そして、1962年10月27日、マッティを乗せた旅客機が離陸直後に墜落し、乗員全員が死亡するという事故が起こります。公式には嵐による事故と発表されていますが、事故を装いマッティは謀殺されたという意見も根強く残っています。“著名人”はしばしば飛行機事故で命を落としてしまうものです。

ENIの民営化
イタリア政府は、戦後もENIやENEL、IRI(産業復興公社)という三つの特殊会社を介して、イタリア産業の主導権を握っていました。90年代に入り、イタリアの産業資本の50%を握っていた政府は、EUの方針に従ってその半分を手放すことになります。
構造汚職の摘発が勢いづいていた92年6月に成立したアマート政権は、8月にIRI、ENI、ENEL、INAを株式会社とし、株式を全面的に国庫省に移すことで具体的な民営化に着手します。
93年5月に組閣されたチャンピ政権は、その直後に政党への不正融資で逮捕されたノービリIRI総裁に代わって、民営化を前提にした経営再建の課題をプローディ新総裁に託しました。同年3月、カリアリENI総裁が政党への不正融資で逮捕され、7月には刑務所で自殺するという事件も起こりました。
こうして政財界の混乱を背景としながら、1995年以降、順次政府保有のENI株式の売却が行なわれ、現在の株主構成になったのでした。現在、政府保有株は30%にまで低下していますが、イタリア政府は合併等、ENIの経営の重要事項に対する拒否権を保有する黄金株を所有しているため、依然としてイタリア政府の影響下にあると考えてよいでしょう。
直近のENIの株主構成は、イタリア政府が22%、Cassa Depositi e Prestitiが11%と、政府が30%程度を保有し、残りは民間の株主となっています。2007年1月末時点に確認できた範囲でその名を挙げると、JPMorgan Asset Management Europe(2.27%)、DWS Investments Italy SGR S.p.A.(2.26%)、Capital Research & Management Company(2.25%)、Monte Paschi Asset Management SGR S.p.A.(2.23%)となっています。
現在、ENIは世界70カ国に進出し、約72,000名の従業員を抱える大手石油メジャーの一角を構成しています。そのENIを率いているのは、先ほど少しだけ名前が出てきたPaolo Scaroni氏です。同氏は、Chevronに2年間セールスマネジャーを務めた後、Saint Gobainに12年、Technitに11年在籍し、1996年にPilkingtonに移ります。1997年から同社のCEOを務め、2002年にはイタリア最大手の電力会社ENELのCEOに就任します。ENELで3年間CEOを務めた後、2005年よりENIのCEOに就任しました。

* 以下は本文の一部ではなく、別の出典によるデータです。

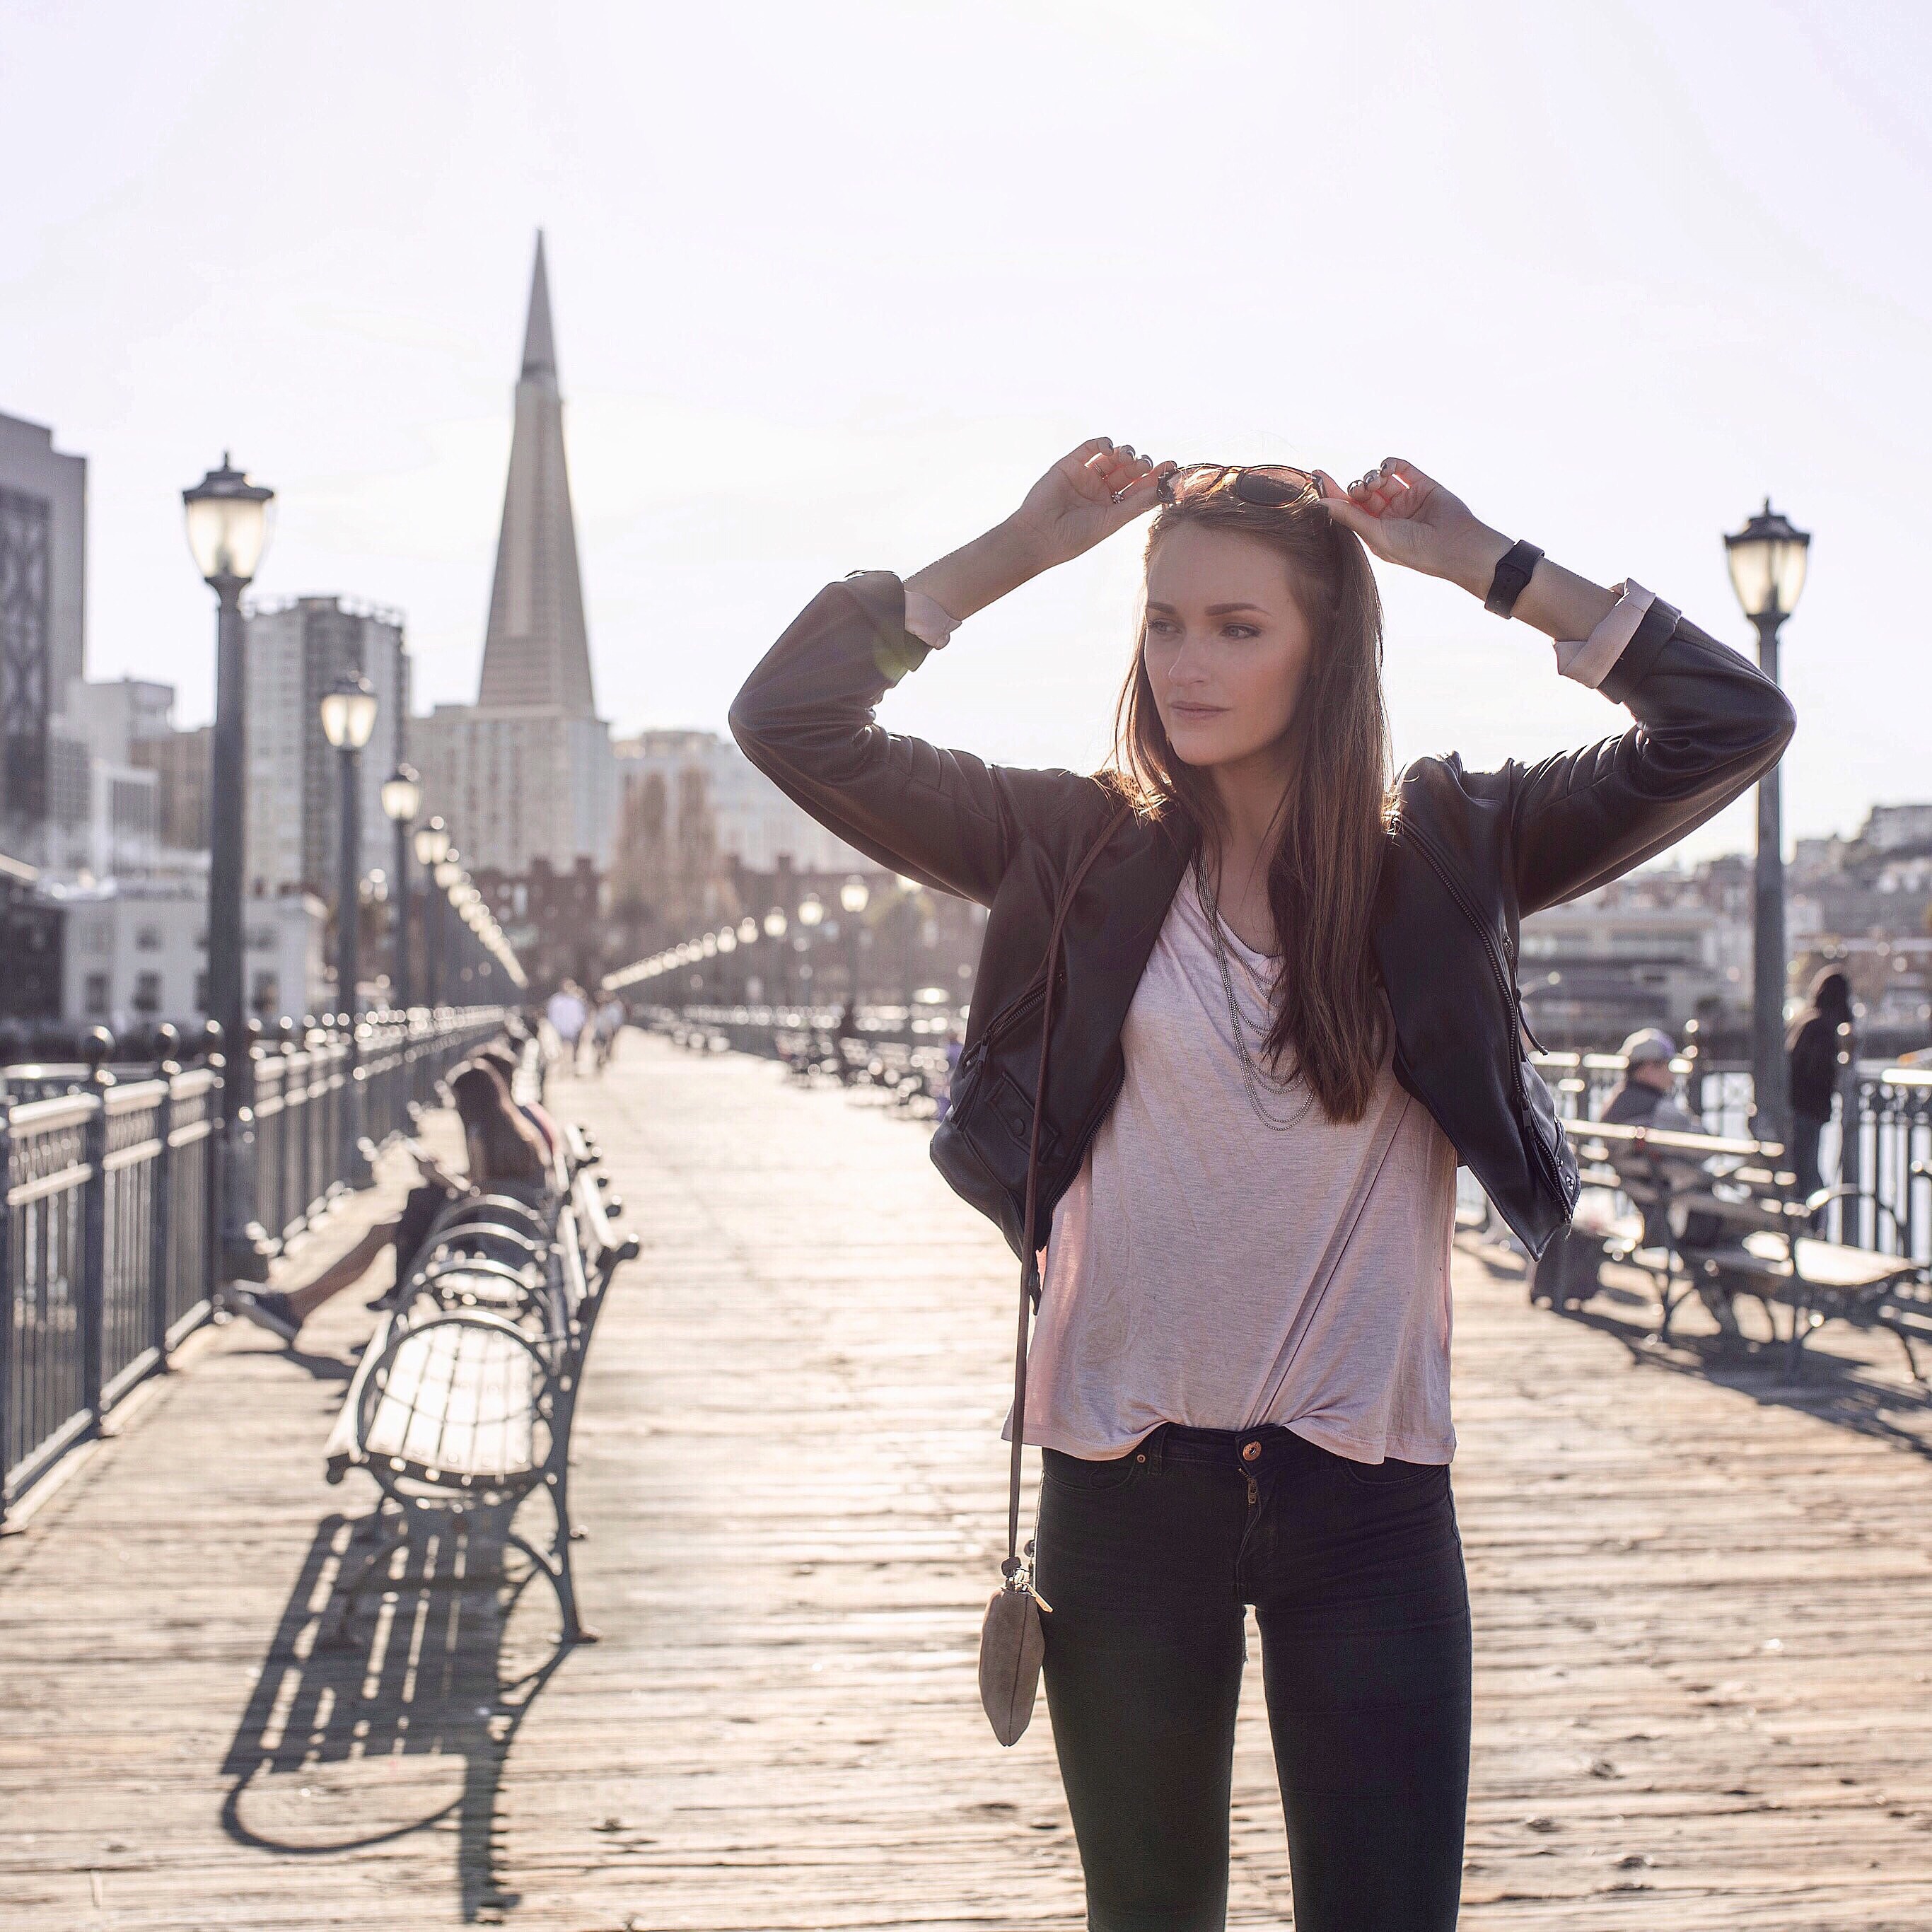 Alexandra Andersson ståendes på en bro med stad i bakgrunden

Scaroni氏は、Sole 24 OreやTeatro Alla ScalaABN AMRO、Veolia Environmentのボードメンバーに名を連ねており、2005年のビルダーバーガーでもあります。

つらつらとENIの歴史を追いかけてみました。ネットで調べていると、日本の政治家の中にもエンリコ・マッティを取り上げて、和製メジャーの重要性を訴える人なんかが居て、いろいろ興味深かったです。スタンダード・オイルのその後やBPについては、いろいろな本の中で語られているので、次はフランスのトタルを紹介したいと思います。